Мне все-таки не хотелось с ним ссориться.
— Вы напрасно поверили той хвалебной речи, что он говорил вчера обо мне. У меня нет таких достоинств. Я совсем другой человек. Если надо, я буду воевать. И убивать, хоть мне это и неприятно.
— Тем хуже для вас, — сказал он угрожающе, — я буду вас терпеть, наследник, но не вздумайте рассчитывать на мою дружбу.

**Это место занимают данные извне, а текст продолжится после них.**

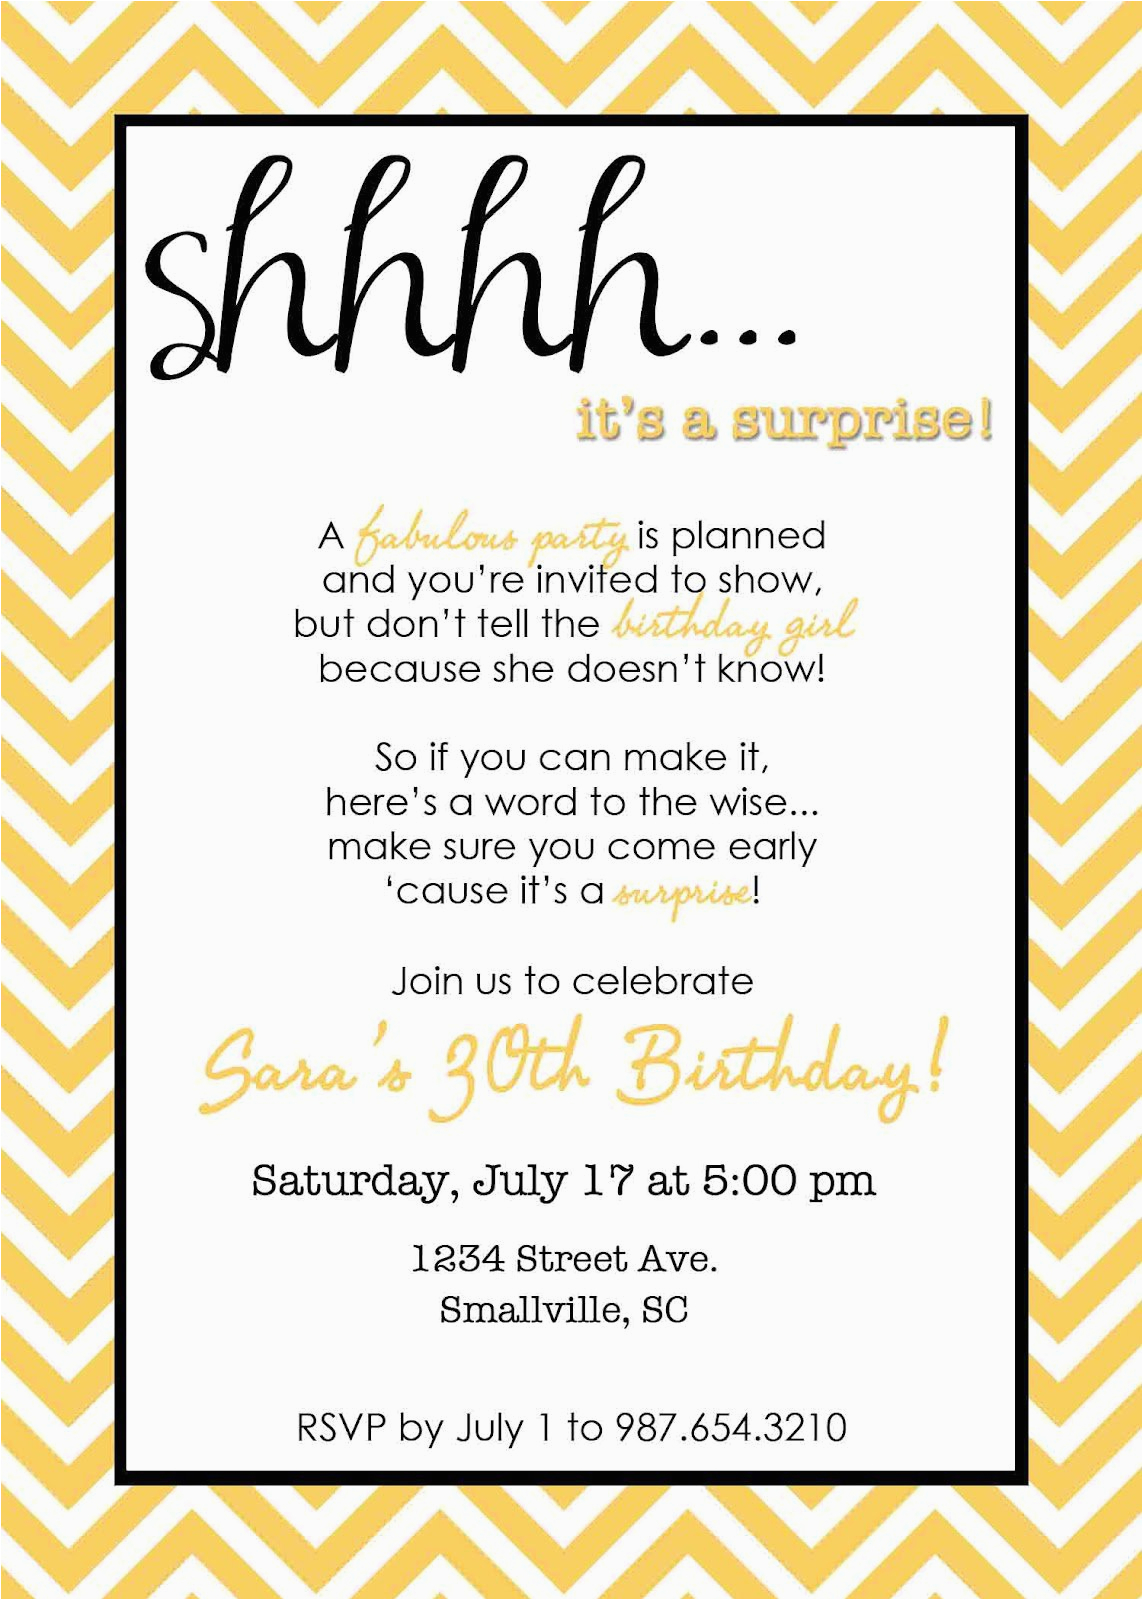 11th birthday party invitation wording

Очередной раз почувствовав себя круглым идиотом, я остался один в огромной библиотеке с кучей нудных писем и отчетов.
Недели через две я знал уже многое и многих. Начальника полиции, Тайной Канцелярии, Налоговой Канцелярии, Королевской гвардии, Дворцовой стражи… я не знал только, кто такой я сам. Фигура моя никому не внушала священного трепета, скорее, ко мне относились подозрительно, чем почтительно. Мне было ясно одно: никто всерьез не верил, что я на самом деле наследник, все ждали моей скорой смерти, как будто на мне написано было, что я приговорен.
Однако время шло. Ничего не менялось. Ни одного покушения на мою драгоценную жизнь не случилось. Отец даже отпускал меня в город без телохранителей, но при условии, что сам я буду вооружен до зубов.

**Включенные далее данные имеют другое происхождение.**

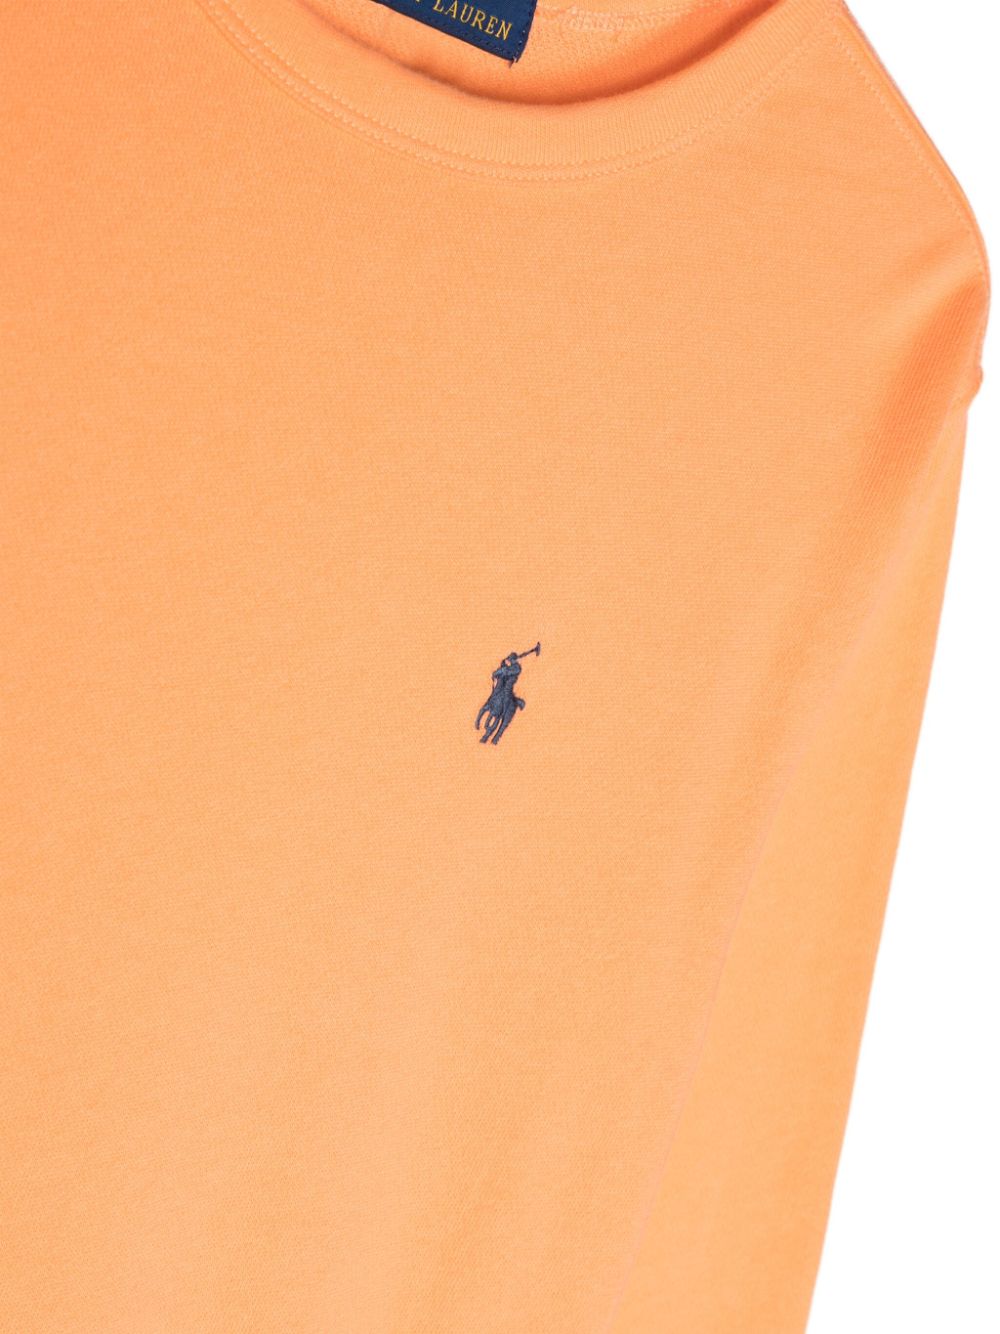 Orange sweatshirt for boys with logo

Дни мои проходили довольно однообразно: утром в библиотеке или в кабинете за отчетами, днем в бешеных скачках за городом, вечером во встречах и беседах с бесконечно далекими людьми, которым надо было еще доказать, что ты не полный болван.
О политике я скоро говорить научился. Один раз прочитанное запоминалось мной навеки. Я помнил языки всех стран, где когда-то бывал, даже те, что мне были не нужны. Иногда мне казалось, что голова моя — это бездонная бочка, в которую всё сливается и ничего не выливается. Численность войск, размеры посадочных площадей, решающие даты, имена… всё сохранялось во мне как в справочнике. Я подозревал даже, что вижу больше цветов, чем остальные люди, но это трудно было проверить.
Но вот чего я не знал и не понимал совсем — так это их искусства. Тут я выглядел совершенным тупицей и предпочитал отмалчиваться. За две недели, да и за месяц нельзя было выучиться придворным танцам, прочесть всех поэтов, посмотреть все модные пьесы, изучить древних авторов, овладеть музыкальными инструментами и мастерством вести светскую беседу. В общем, выпить кружку пива и раскрошить мечом табуретку было гораздо проще.
Ночи проходили еще однообразней. Меня охраняли как пленника, я засыпал под грустную песню рожка и просыпался под скрип повозок во дворе. Тревога постепенно уходила, оставалась одна тоска. Однажды мне приснилась Эска, веселая, в накрахмаленном переднике и в новом платье. Я слышал ее голос и чувствовал, как рука ее ласково треплет мои волосы. Я был счастлив.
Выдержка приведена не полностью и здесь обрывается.